# south platte at c 470 ??



## billcat (Jun 3, 2008)

3+ hours (in a raft) could put you down near where 85 and 25 merge, but with tubers that might cut this in half. There is a park just off the river there, with parking and a nice takeout. If you wanted better/shorter run parking & takeout you could take out at union or oxford. Both have nice lots and good riverside access, oxford is steeper to take out. I guess you could run all of the drops @ union and then take out and walk back up to the parking lot @ the union ballfields. If I'm going to union I always want to make sure and hit those drops.


----------



## kmitchell (Jul 2, 2011)

And all of it is good and safe for tubers?
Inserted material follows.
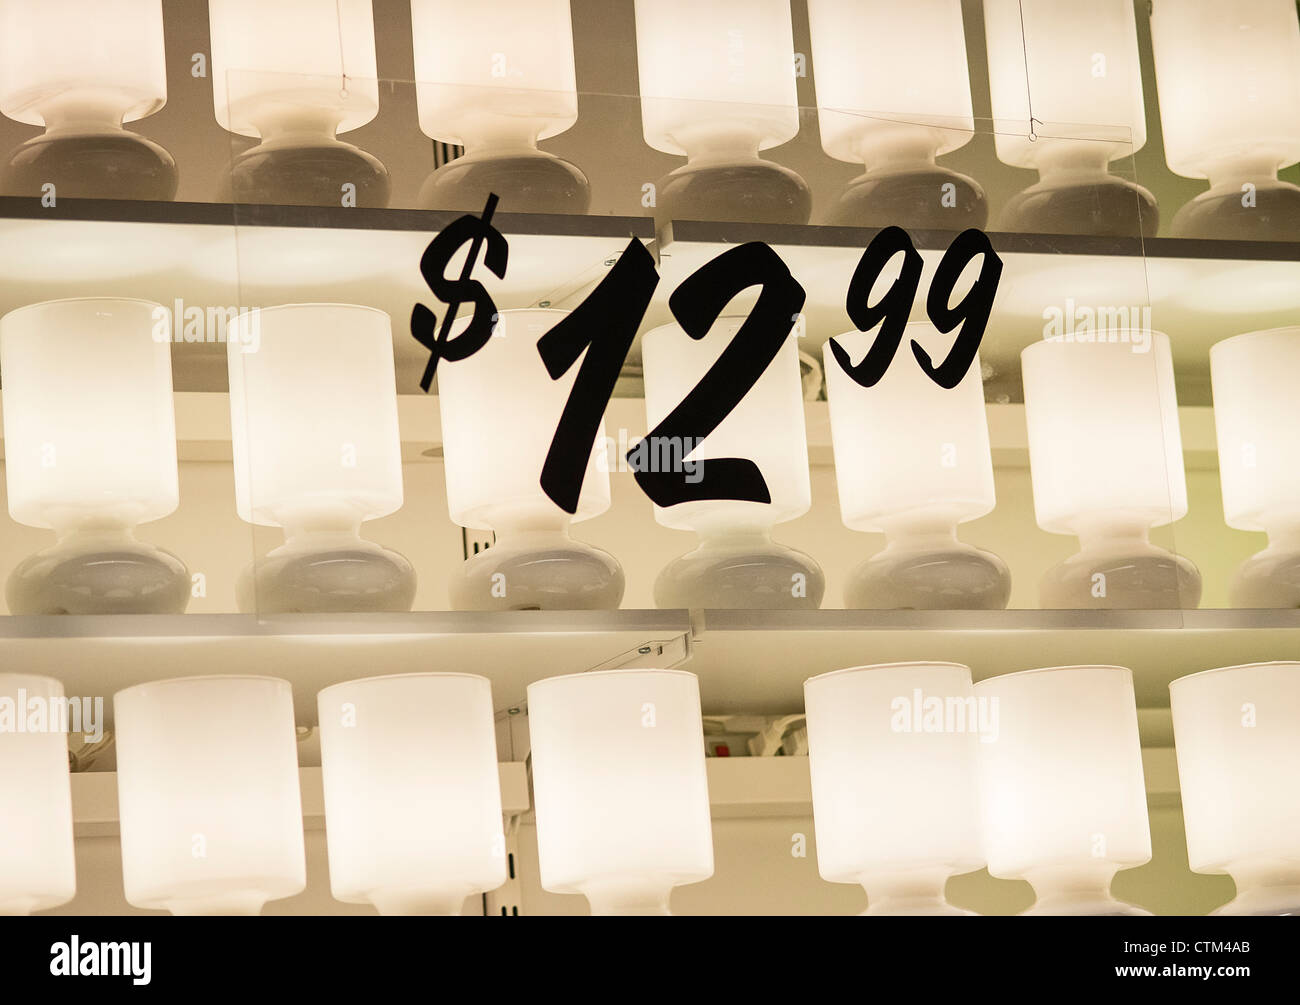 Lamps for sale in a retail store. Stock Photo

I've only been 470 to mineral


----------



## billcat (Jun 3, 2008)

I dono that I'm qualified to answer what's "good and safe" for tubers given that I've never been tubing and I raft. That said, I've seen tubers on all of the Platte metro. At levels this low, you could pretty much stand up in the middle of most of the river and walk around anything that gave you cause for concern. The section from Union to near Florida has a longer drop near ruby hill park that I'm guessing sober tubers would want to walk around. In a raft, it's a non-issue and I've seen kayakers doing it repeatedly. There is also a double drop boat chute section near Reynolds landing, I've seen some tubers portage this section while others run it.


----------



## DanOrion (Jun 8, 2004)

For what it's worth, the river is beyond low right now. Like, really friggin low. You'll probably want a few hundred cfs coming out of Chatfield to do the float. When you see 36 cfs coming out of Chatfield and 56 cfs at Englewood, guess where that extra 20 cfs is coming from.

Detail Graph

http://waterdata.usgs.gov/nwis/uv?06710247

Instead, you could float the deckers section of on the South Platte. Check the cheeseman gage before you go.


----------



## kmitchell (Jul 2, 2011)

wow thats low!!

k... lol so where would a 3 hour float be in the deckers area?? drop in and take-out?


----------



## DanOrion (Jun 8, 2004)

Putin on the south platte downstream of deckers near where the road turns to gravel. Takeout either just above the chutes, at the Colorado trail, or at the confluence with the north fork. It will take about 2-3 hours. Mellow Class IIish above the "chutes." Mellow Class III- in the chutes and II+ below the chutes. Most tuber-ass injuryies occur below the chutes. Have fun!


----------



## kmitchell (Jul 2, 2011)

or something closer???


----------



## DanOrion (Jun 8, 2004)

Water World.


----------



## COyak88 (Jun 15, 2011)

Yesterday I went with some friends down the Platte. They were in tubes and I took my kayak. We put in at Mineral and took out at Prince just before Belleview. The river was very low in numerous spots. I had to get out and pull my boat to deeper sections several times. There were three rapids that we shot through and my tubing friends didn't have any problems with the drops. I personally don't think it is worth taking a kayak down this section right now.


----------